Zimbabwean soldiers stationed in the Democratic Republic of Congo detained a television crew and forced its members to roll around in the dust while singing military anthems. In Côte d’Ivoire, seven journalists were detained at a military base and forced to crawl, sing pro-junta anthems, and do push-ups.
In northern Nigeria, fundamentalists seek to impose a version of Islamic law (sharia) under which reporters guilty of publishing “offensive material” could receive 60 strokes from a cane. One case is currently being tried.
In Burma, 77-year-old lawyer Cheng Poh was sentenced to 14 years in prison for allegedly circulating photocopies of foreign news articles.
Two journalists were murdered in the Philippines in 2000, bringing to 34 the total number of journalists killed since democracy was restored there in 1986.
The Jordan Times complained that “water officials on Saturday said only the minister, who was in Libya on Saturday, could tell the press how much rain fell on Jordan last week.”
Saddam Hussein’s son Uday controls a vast media empire in Iraq, where there is no independent press. In April, the National Press Union, which Uday heads, named him “journalist of the century” for his “innovative role, his efficient contribution in the service of Iraq’s media family…and his defense of honest and committed speech.”

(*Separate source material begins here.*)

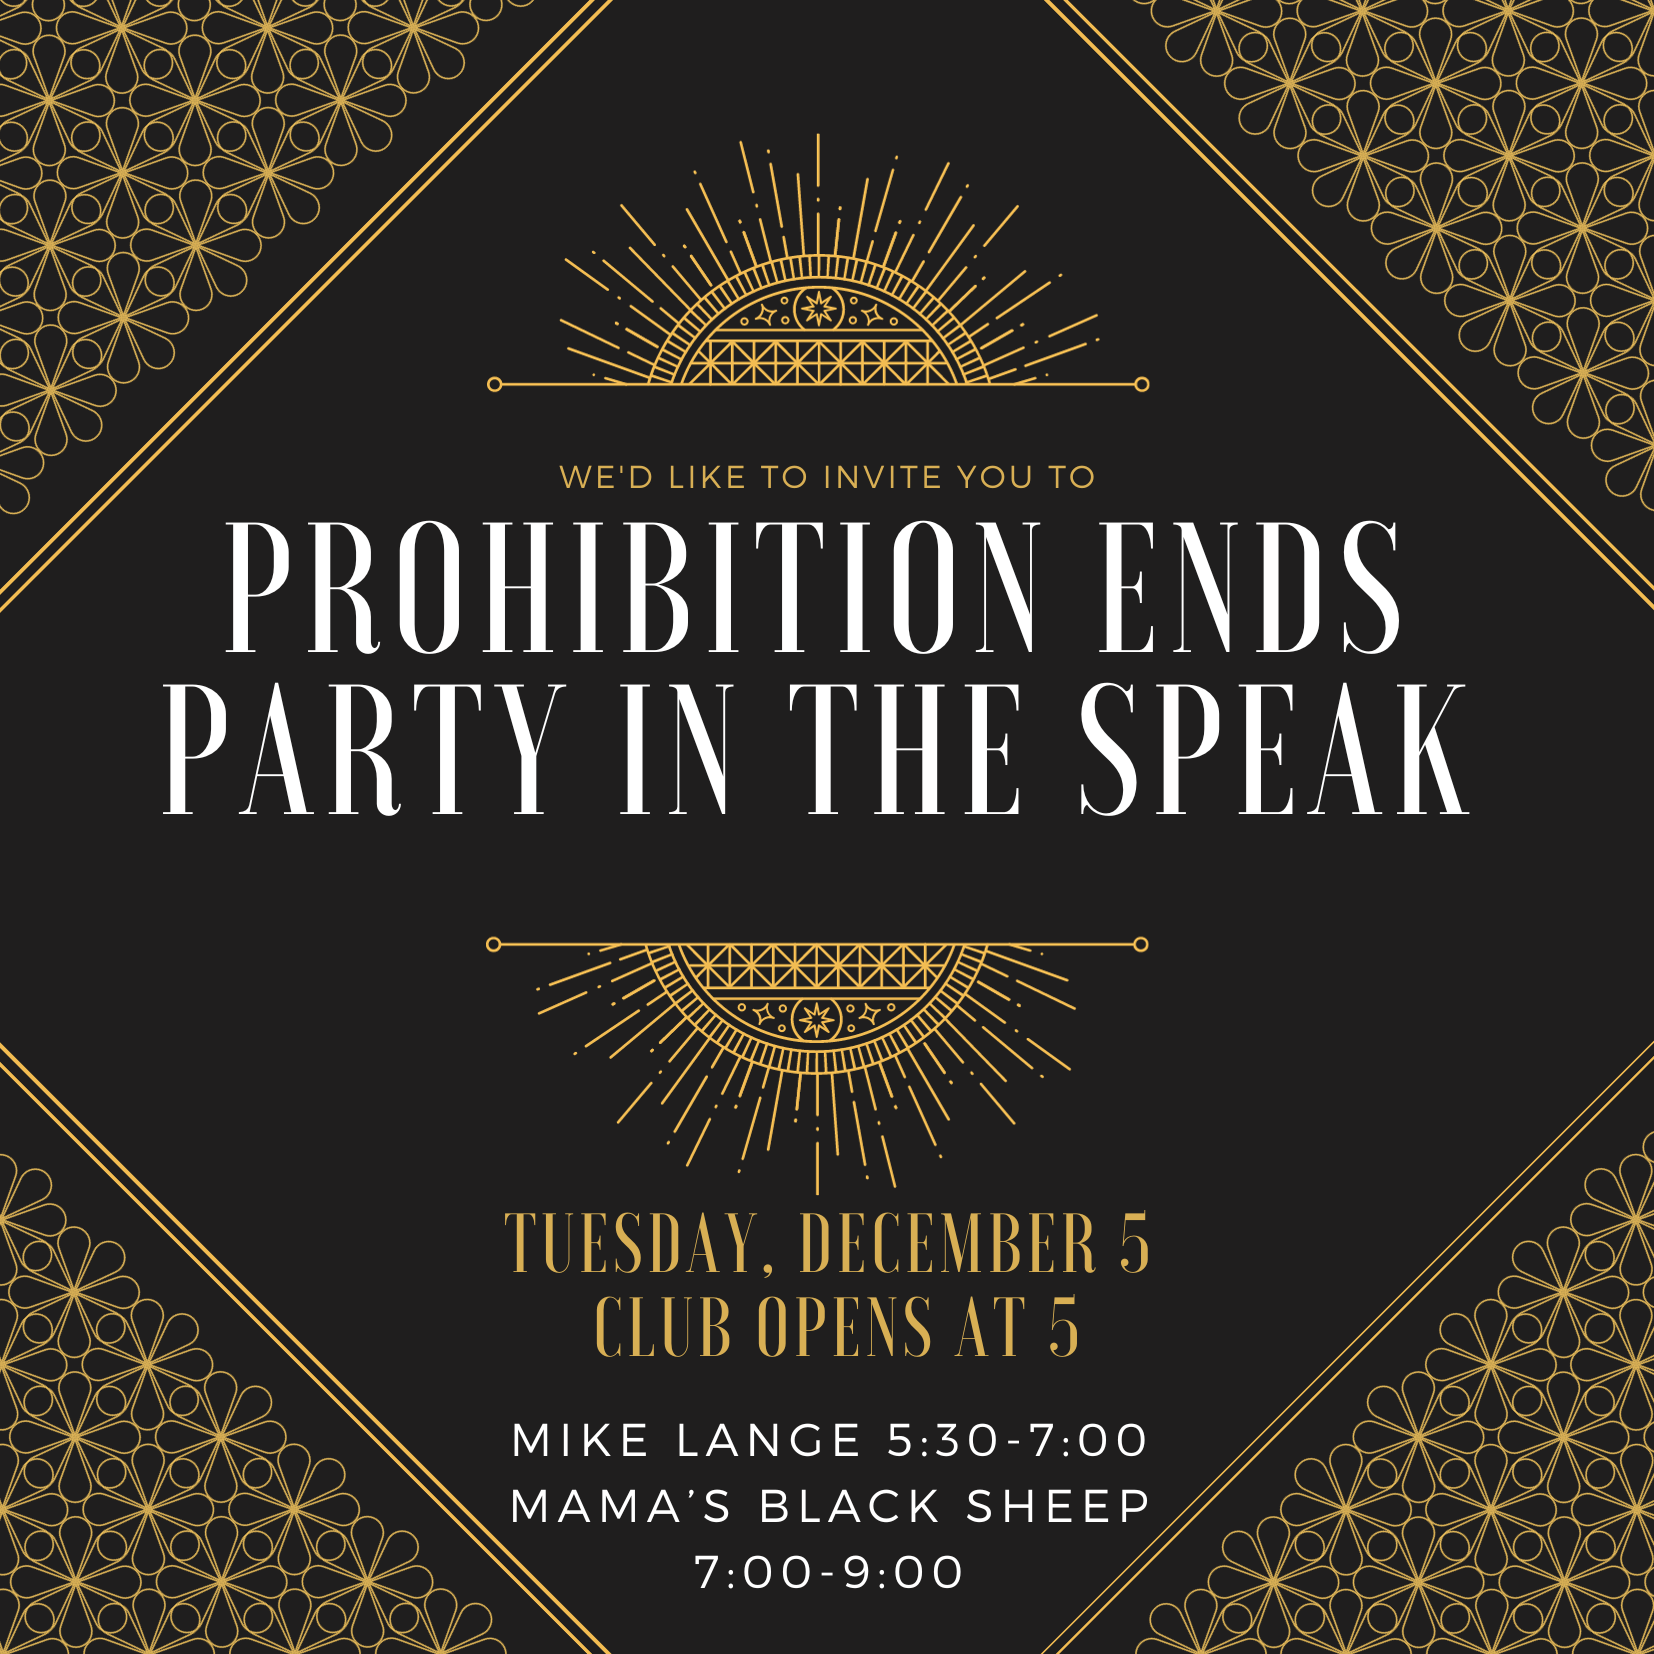 Prohibition Ends Party in the Speak
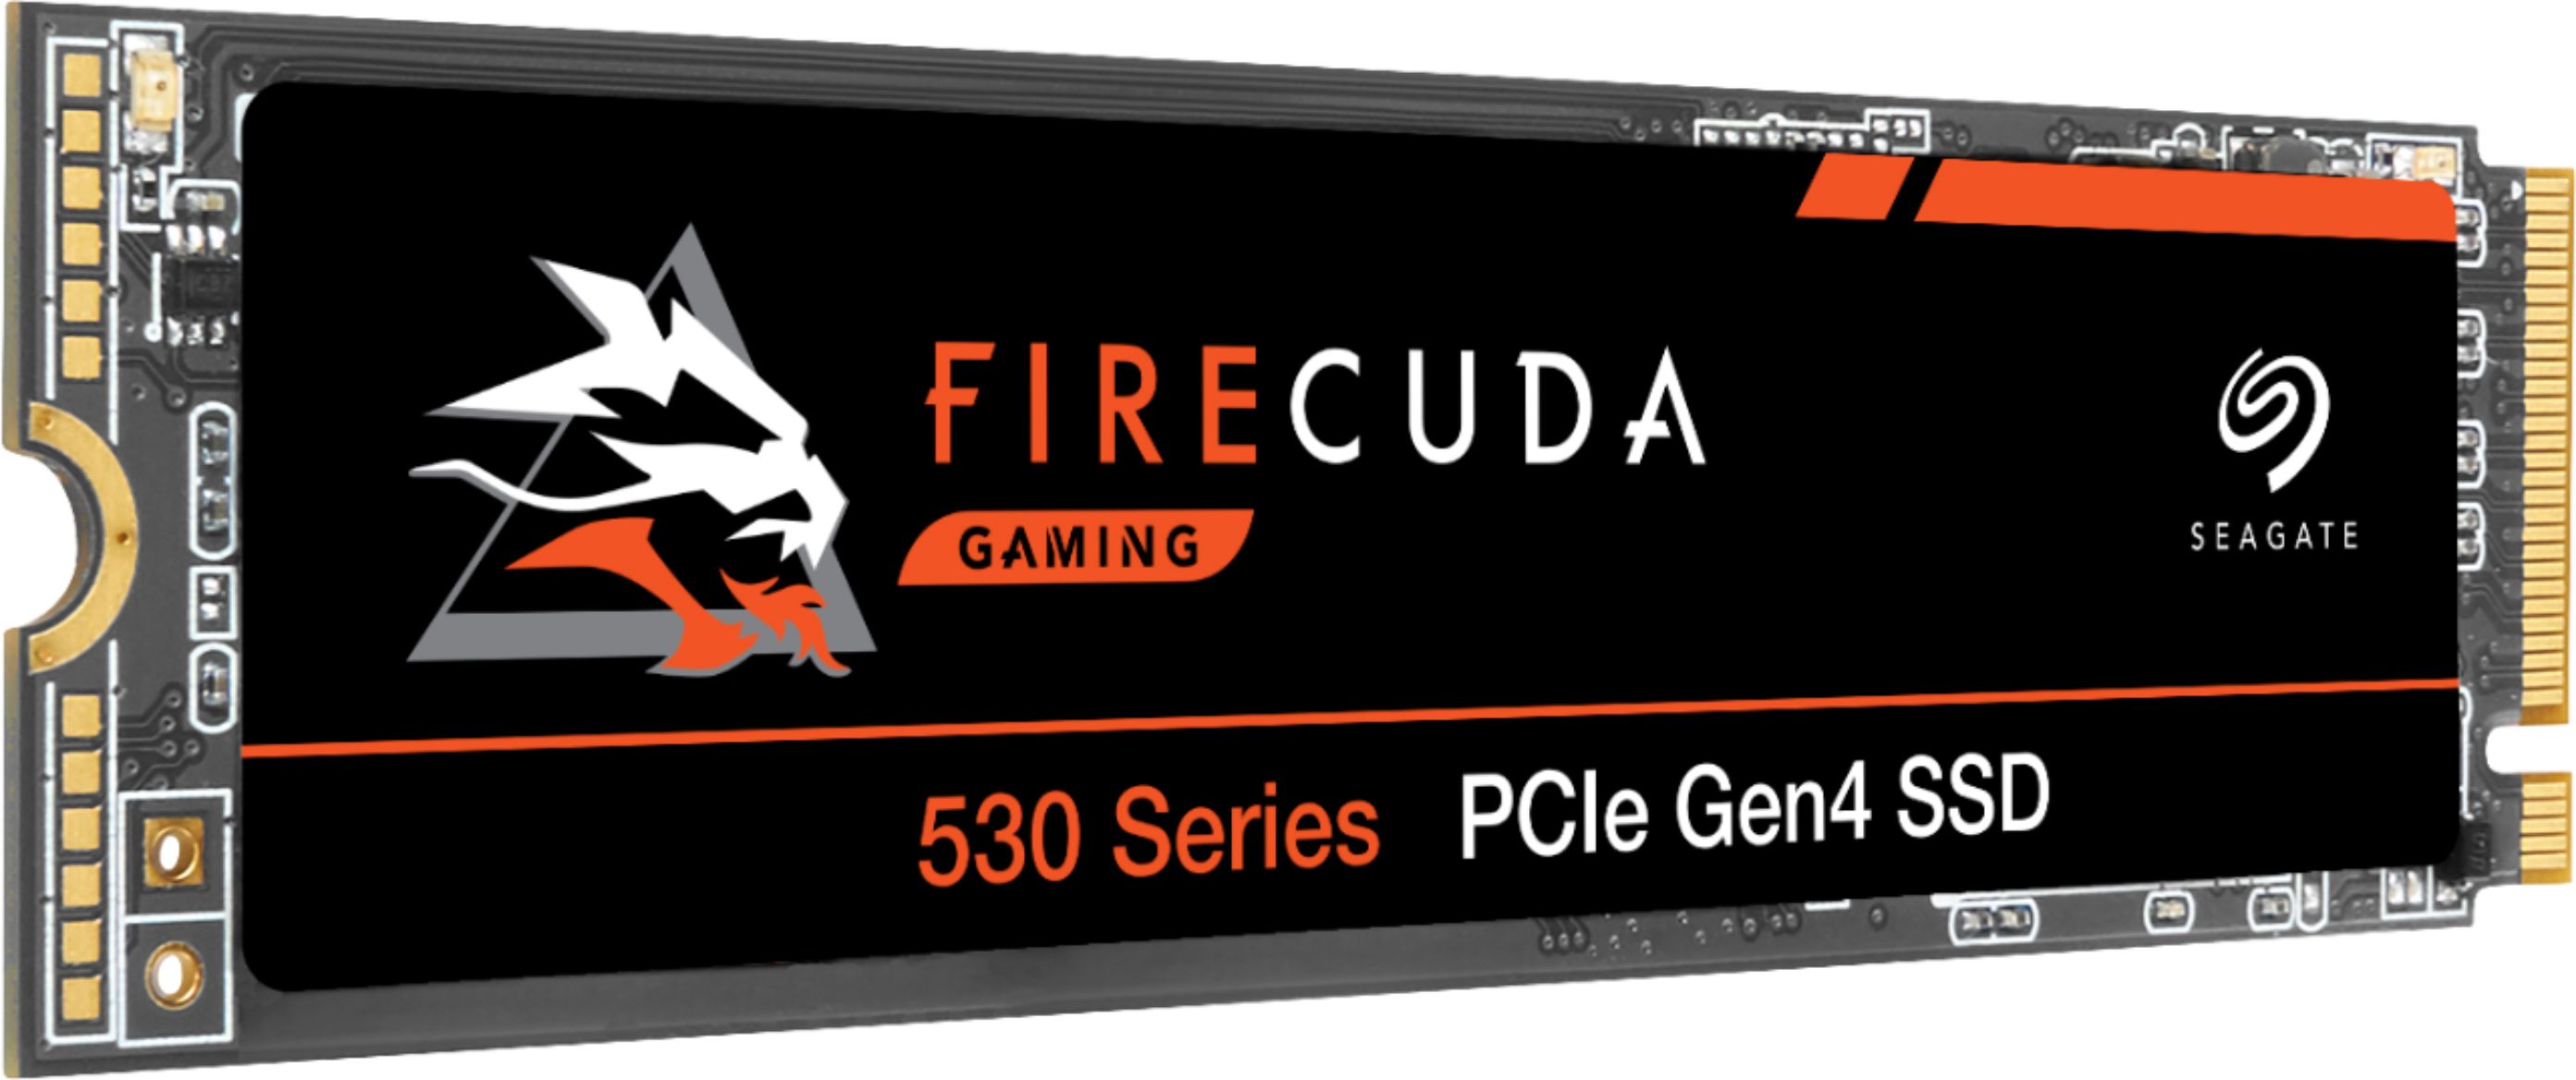 FireCuda 530 2TB SSD for PS5

Turkish journalist Nadire Mater was acquitted on charges of insulting the military in her book of interviews with former conscripts who had fought against Kurdish separatists. “Banning the truth does not eradicate it,” Mater said.
On November 4, Bulgarian justice minister Teodossyi Simeonov punched Aleksandr Mihaylov, an 18-year old photographer for the newspaper Sega, claiming he was defending his constitutional right not be photographed.
In two Central Asian countries, governments restricted access to the Internet. Turkmenistan’s president for life shut down all the country’s private Internet Service Providers last year. In Kazakhstan, the government blocked access to an independent Web site for “technical reasons.”